If you only need a small amount, you might look for an acidifying or "anti browning" product in your local grocery or hardware store might work for you. Look in the home canning area. The acidifying product is sold for canning low-acid tomatoes and the anti-browning product is sold to keep fresh or preserved fruit from turning dark. These products are usually citric acid or ascorbic acid.


----------



## Robert

It's sometimes called "sour salt" when sold for pickling.

I also just tried Googling "citric acid" and "pool maintenance", and from the hits I gather some swimming pool supplies stores might sell it.


----------



## soaplink

Thanks for the suggestions; now I know where to look!


----------



## Robert

When I think about it, though, if I had to recommend an acid for adjusting pH in a swimming pool, citric acid wouldn't have a lot to recommend it.  Usually you'd want to avoid adding microbe food to water that you want to keep around for a while, and citric acid certainly has organic carbon that can provide calories.  Also, if it's a cement pool, you'd want to avoid adding stuff that might attack it, which is why they say to keep up the calcium in the water in such a pool, and citrate will dissolve calcium salts such as limestone.  The only advantages I can see to it are that it's a solid (but then, so are bisulfates) and that it's not too strong an acid (weaker than bisulfates) so you don't have to worry about the kids getting into it.

However, it did seem from the hits that came up that there might be some pool supply sources that might sell it anyway.  And if it's a grade for adding to swimming pool water, it should be safe for bathtub water too, although possibly not as pure as what you'd get for pickling and other food use.


----------



## Trinity

They do have it in Walmart in the canning section and I originally bought it there but I found it much cheaper to buy it at Essential Depot even with shipping cost if that helps.


----------



## Nightlilly

I saw some in Walmart the other day, I think it was with all of the canning stuff. I just remember thinking "Isn't that used in some type of bath product?"


----------



## WAsoaps

The one I saw at Walmart yesterday was mixed with a few other ingredients. Don't remember what... but I think it was from Ball's co.

Would that mess up my bath bombs?? I mean I hear about people getting their citric acid from Walmart all the time and that was the only brand I saw there.

I think it's a little over $2 for 7.5oz. (Surely cheaper online)


----------



## Tsarvo

In the UK. Wilkinson have it £1.50 for 250g box


----------



## MzMolly65

Robert said:


> I also just tried Googling "citric acid" and "pool maintenance", and from the hits I gather some swimming pool supplies stores might sell it.

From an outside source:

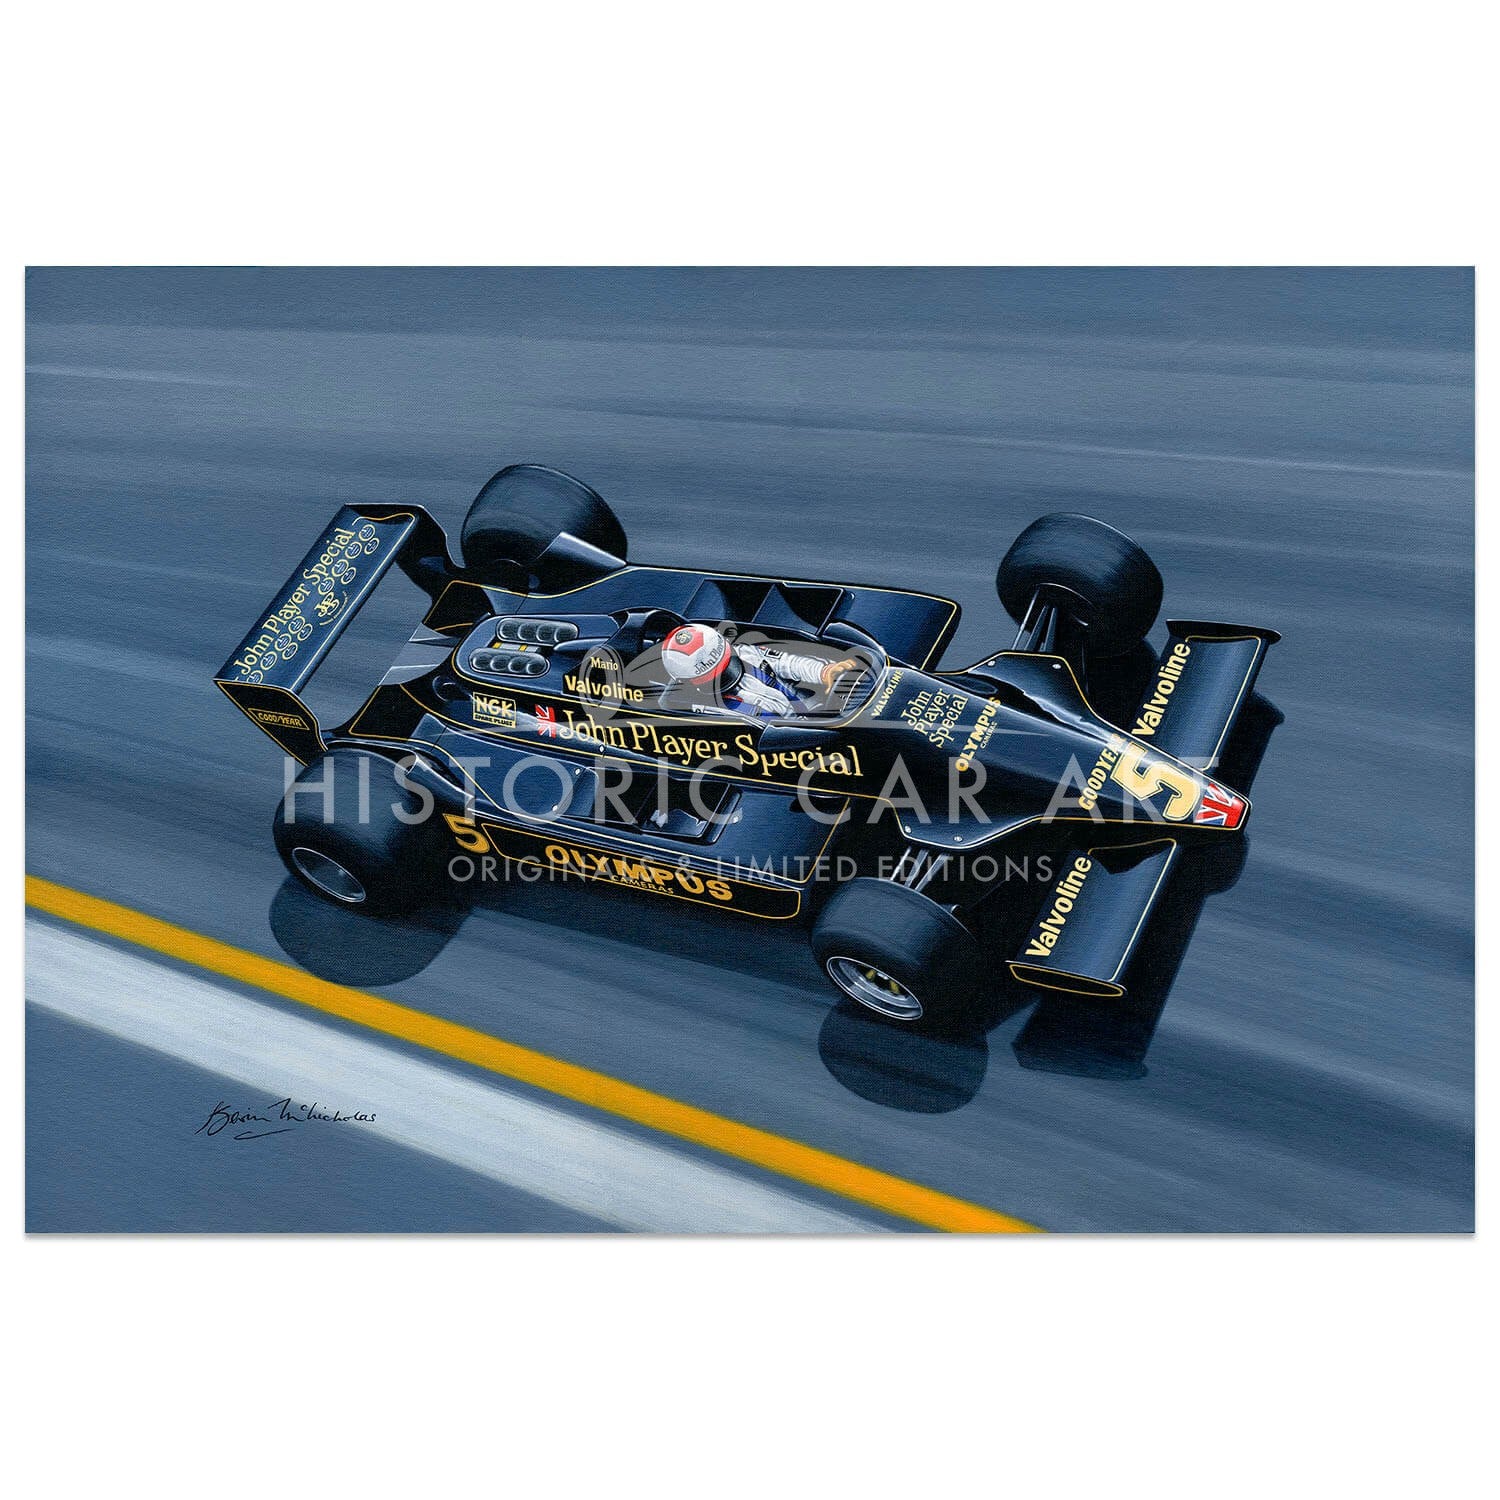 Super Mario | Mario Andretti | Lotus 79 | Artwork

I could be wrong but my understanding is the pool grade citric acid is not the same .. look for food grade citric acid.   

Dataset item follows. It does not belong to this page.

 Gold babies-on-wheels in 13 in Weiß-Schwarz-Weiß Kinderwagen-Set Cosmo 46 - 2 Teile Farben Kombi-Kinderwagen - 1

You can find it at most health food stores, 1lb bag for around $12 and they're charging high because they're health food stores and they just do that sort of thing.

Essential Depot sells it .. if you're ordering anything else and have to pay the shipping costs anyway or maybe the shipping cost is cheaper than buying it local since ED is a big supplier.  Dunno, just throwing ideas out there.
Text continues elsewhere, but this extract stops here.